Drummond smiled but did not say anything to her. Neliska looked happy. Laminak, weeping, ran away.

Rachel said, ‘But you’ll be leaving in a few years! Would you just walk out on her? Or were you thinking of taking her back with you as a specimen? That would be cruel; she could never adjust to the bewildering modern world. Anyway, she’s a tribal creature, and she’d die if she were cut off from her people.’

‘I said I was considering her as a mate,’ Gribardsun said. ‘I didn’t say when I would come to a decision. I rather believe that by the time I’d be able to speak for her, she would be long married.’

Rachel later said to Drummond, ‘I don’t think I’ll ever understand that man. His thought processes are too deep. Or maybe just too different. That’s something not quite normal? - human, about him.’

‘Time keeps a man human. But eternity would give him a nonhuman dimension,’ Drummond said. ‘Perhaps he isn’t quite human. But I just can’t go along with your theories about someone finding the elixir.
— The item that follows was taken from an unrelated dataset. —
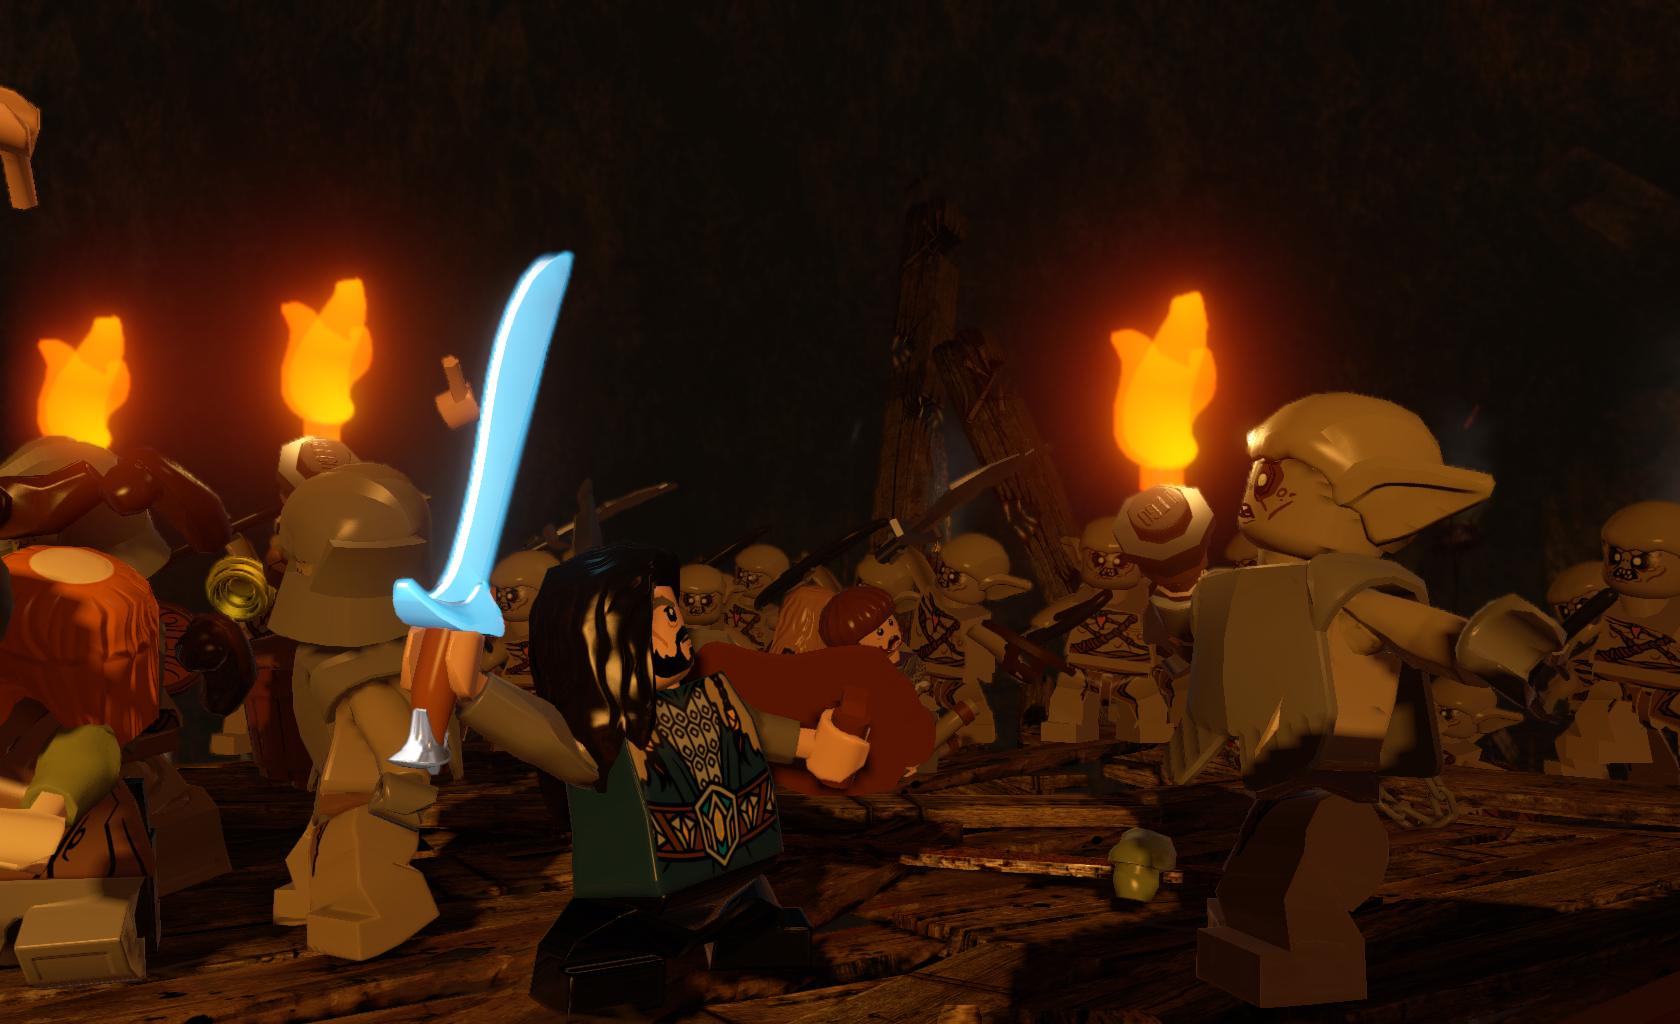 Lego The Hobbit desktop wallpaper 38 of 63 Video Game Wallpapers 1680x1024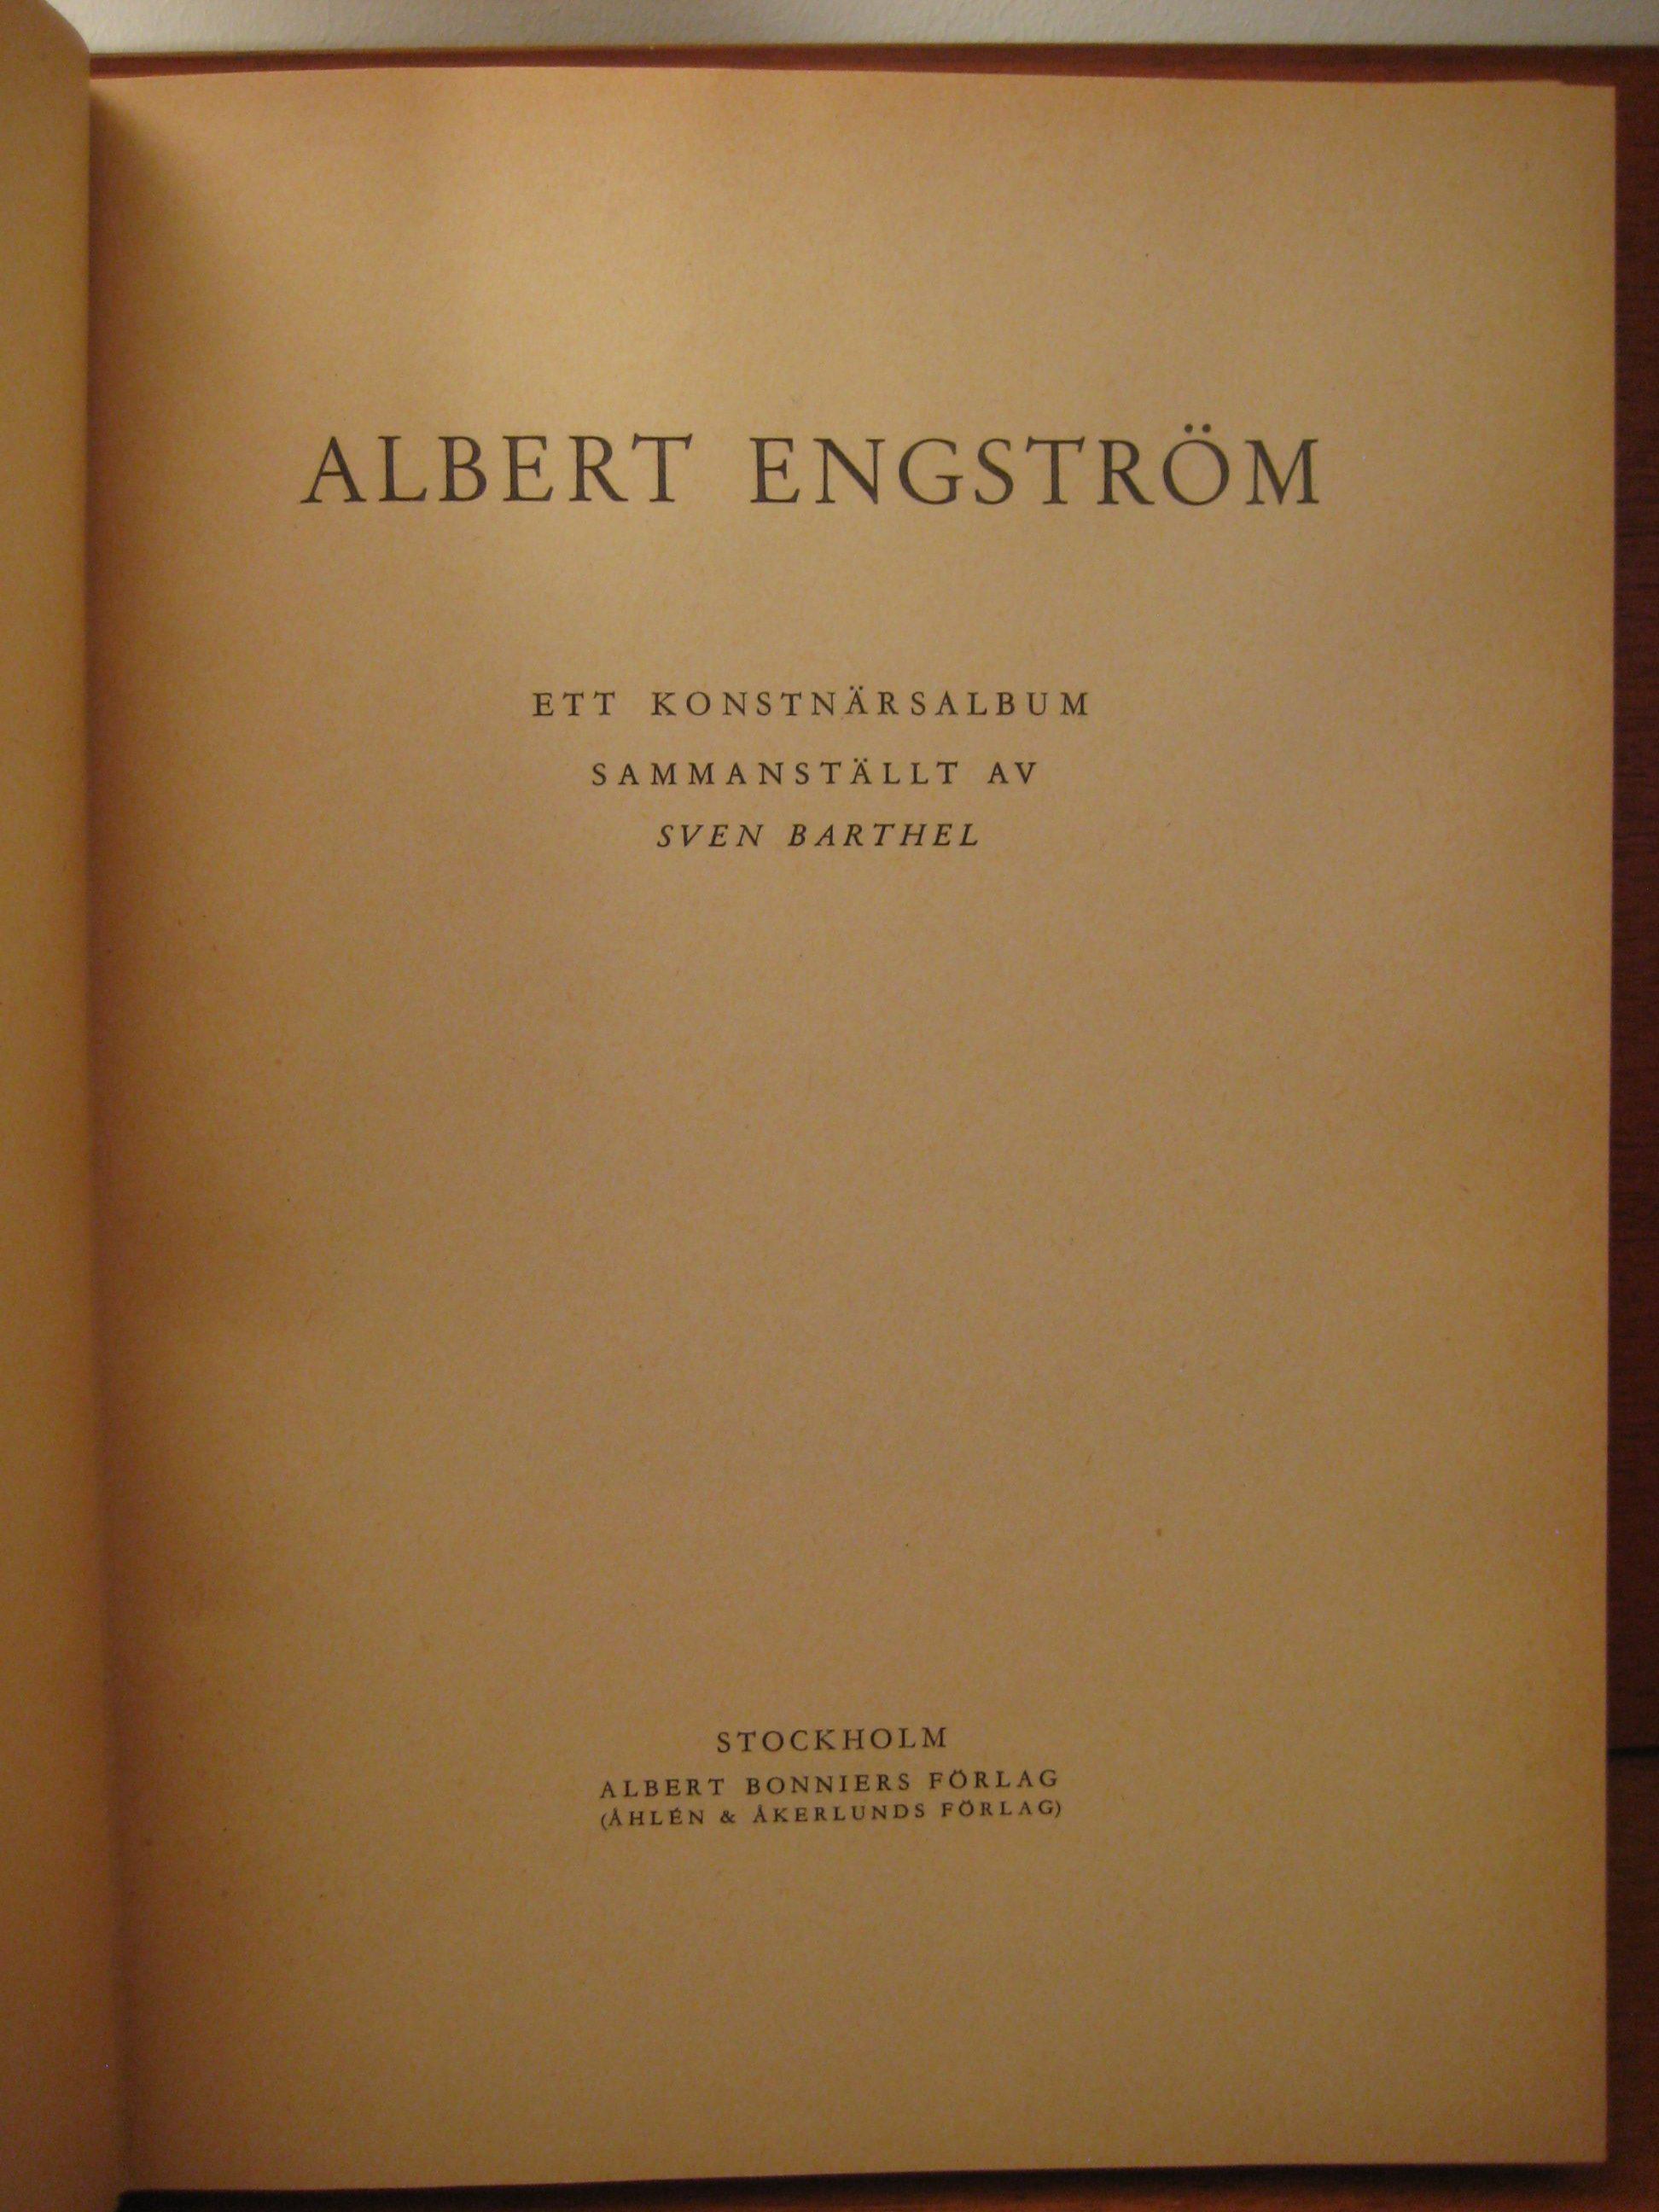 Albert Engström

I just can’t believe in such a phenomenon as an elixir. Especially in the nineteenth century, which would be when Gribardsun was born, if you were right. That business about the first time machines and the limits of the 1870s indicates that something is rotten.’

At the time this conversation took place, they had just crossed the half-frozen Guadiana River. Four days later, after they had established a camp on the south side of a heavy brake of trees, Drummond attacked Gribardsun.

The assault was entirely verbal, although there was one moment when the tall thin physicist seemed on the point of attacking the Englishman with his fists.

Ever since the incident of the stolen rifle, Gribardsun had refused to let Drummond hunt with him. He went either with Rachel or von Billmann, and Drummond found that a tribesman was always shadowing him when Gribardsun was out on a hunt. He said nothing about this, not even to his wife, until the evening of the fourth day after crossing the Guadiana. Gribardsun said that they would camp there for several days while he went out hunting wild horses with a dozen tribesmen. He intended to restrict himself this time to native weapons again. Von Billmann would go along as ‘shotgun,’ as usual.

Drummond belligerently said that he intended to accompany them.

Fine,’ Gribardsun said. ‘If you leave your firearms here.’

‘Why should I?’ Drummond leaped up, his hands balled.